*** Opening of Input records ***

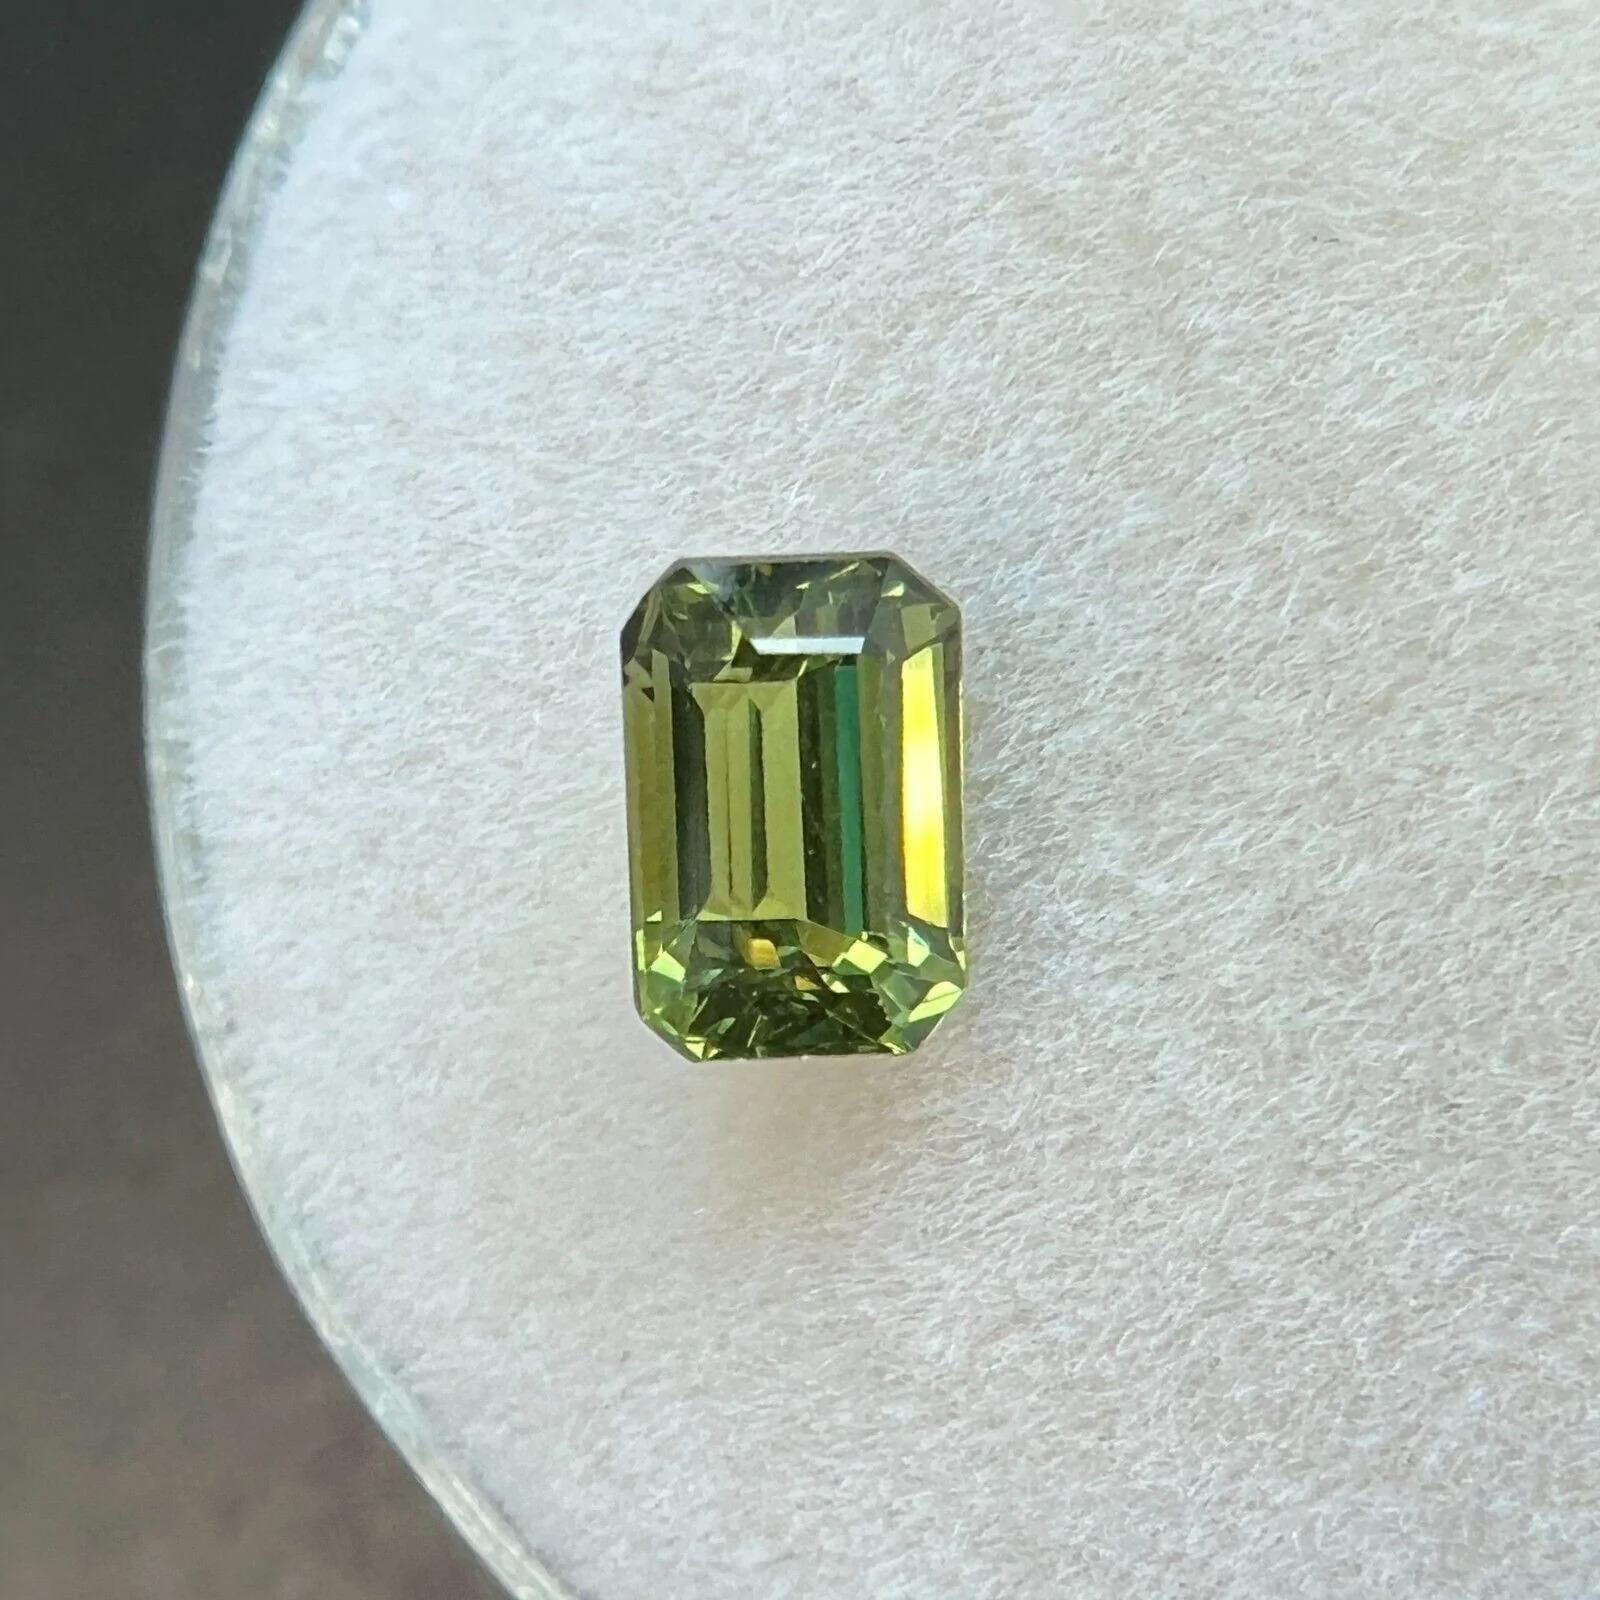 GIA Certified 1.01 Untreated Vivid Green Yellow Sapphire Emerald Octagon Cut Gem

GIA Certified Untreated Green Yellow Sapphire Gemstone. 
1.01 Carat unheated sapphire with a beautiful VIVID green yellow colour. Fully certified by GIA confirming
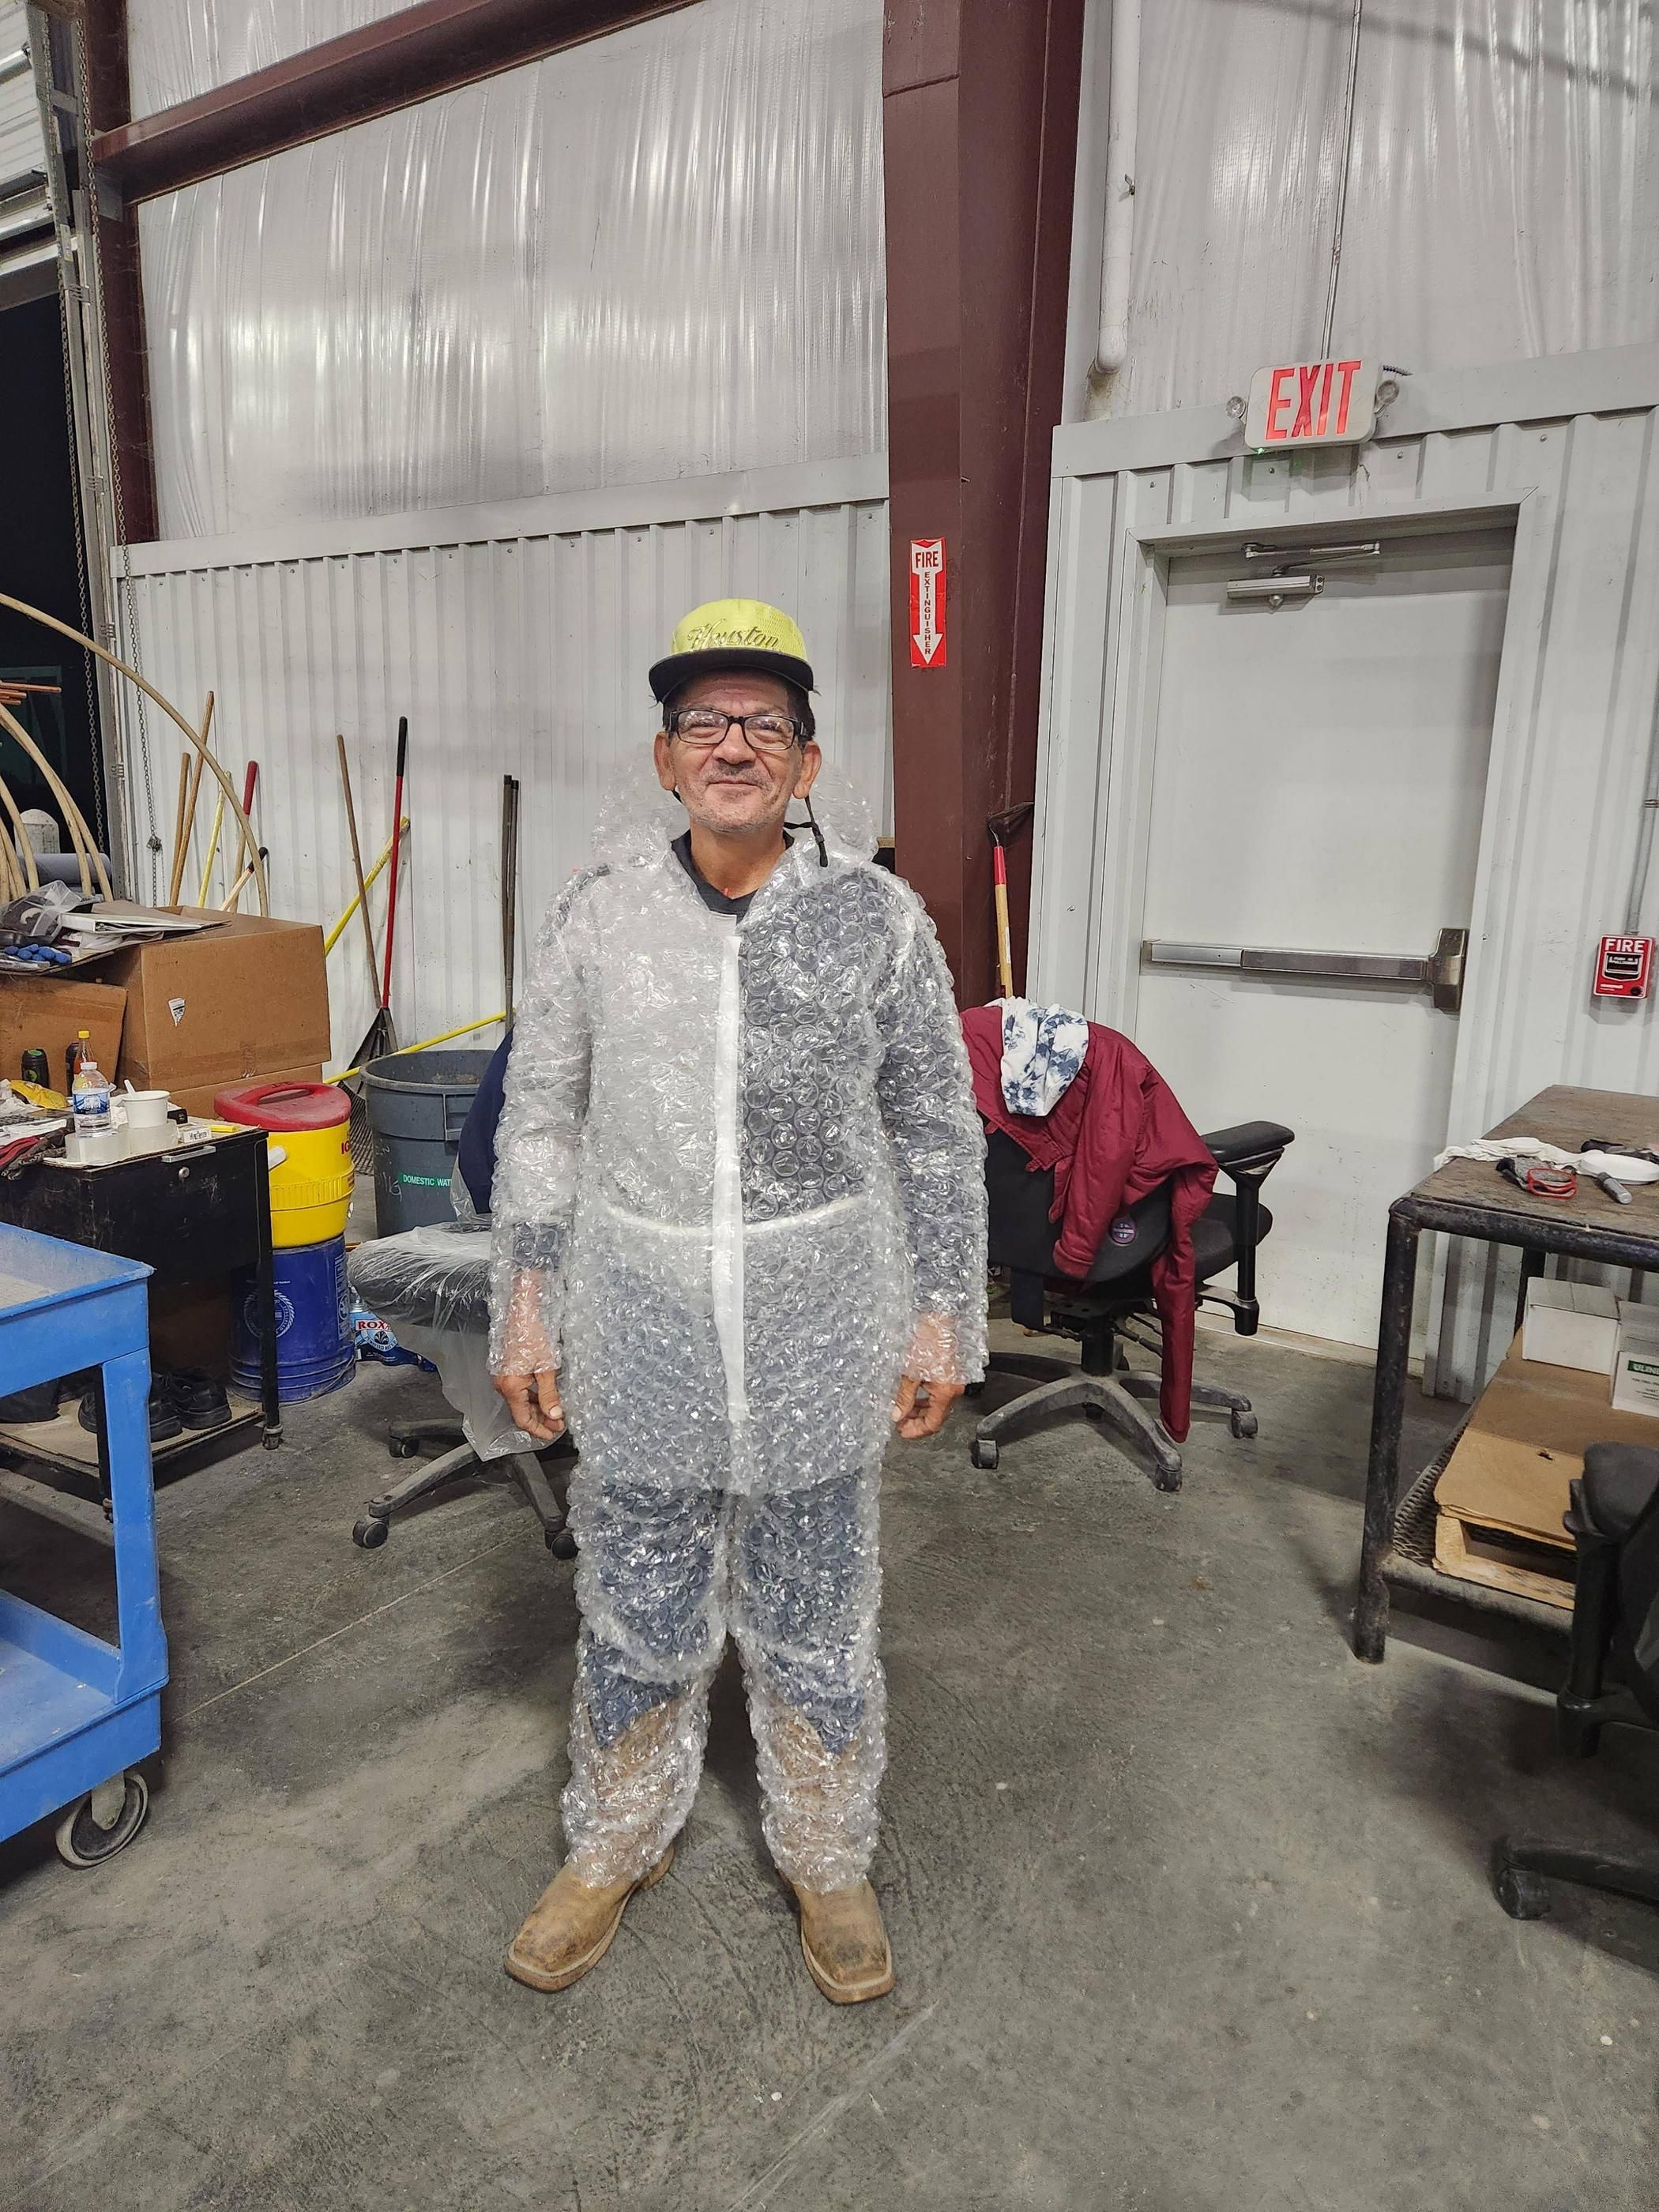 After getting hit by a forklift twice in one week, my coworker started wearing protection.
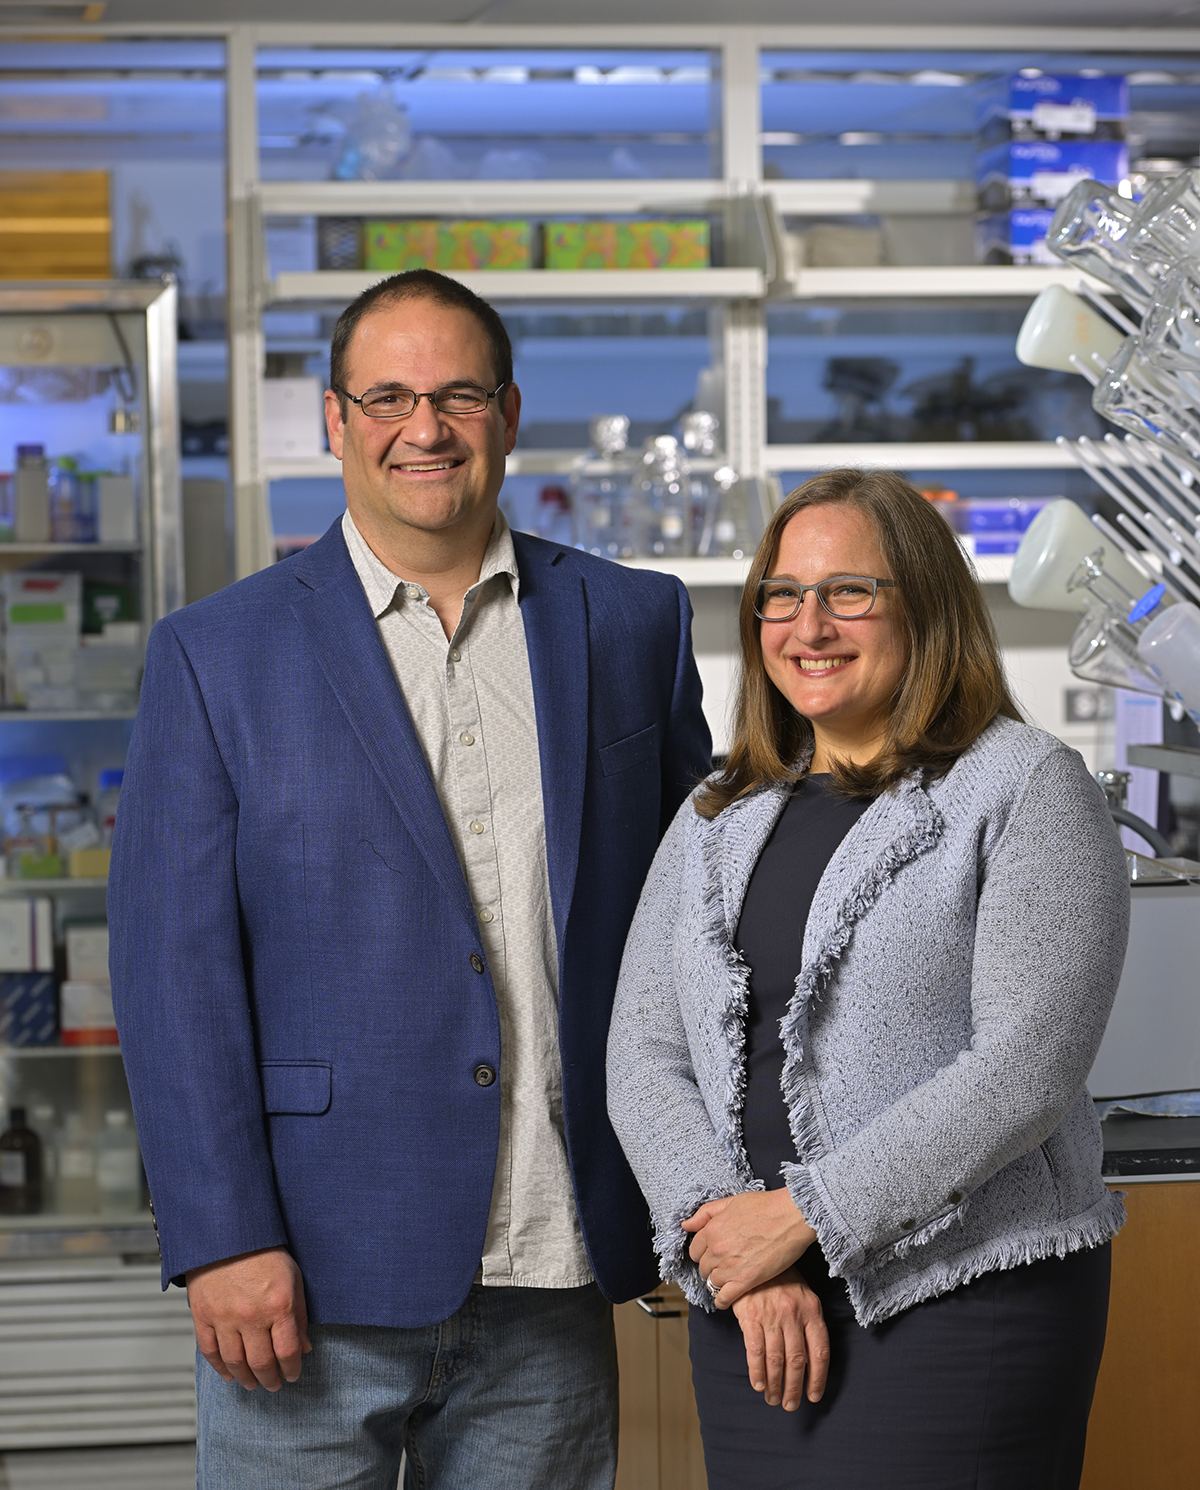 Dr. Philip Abbosh and Dr. Elizabeth Plimack standing in the laboratory.

*** Close of Input records ***

Exercise objective = What I need is every record written out exactly, minus the pictures.

Answer to this task =
 GIA Certified 1.01 Untreated Vivid Green Yellow Sapphire Emerald Octagon Cut Gem

GIA Certified Untreated Green Yellow Sapphire Gemstone. 
1.01 Carat unheated sapphire with a beautiful VIVID green yellow colour. Fully certified by GIA confirming
 After getting hit by a forklift twice in one week, my coworker started wearing protection.
 Dr. Philip Abbosh and Dr. Elizabeth Plimack standing in the laboratory.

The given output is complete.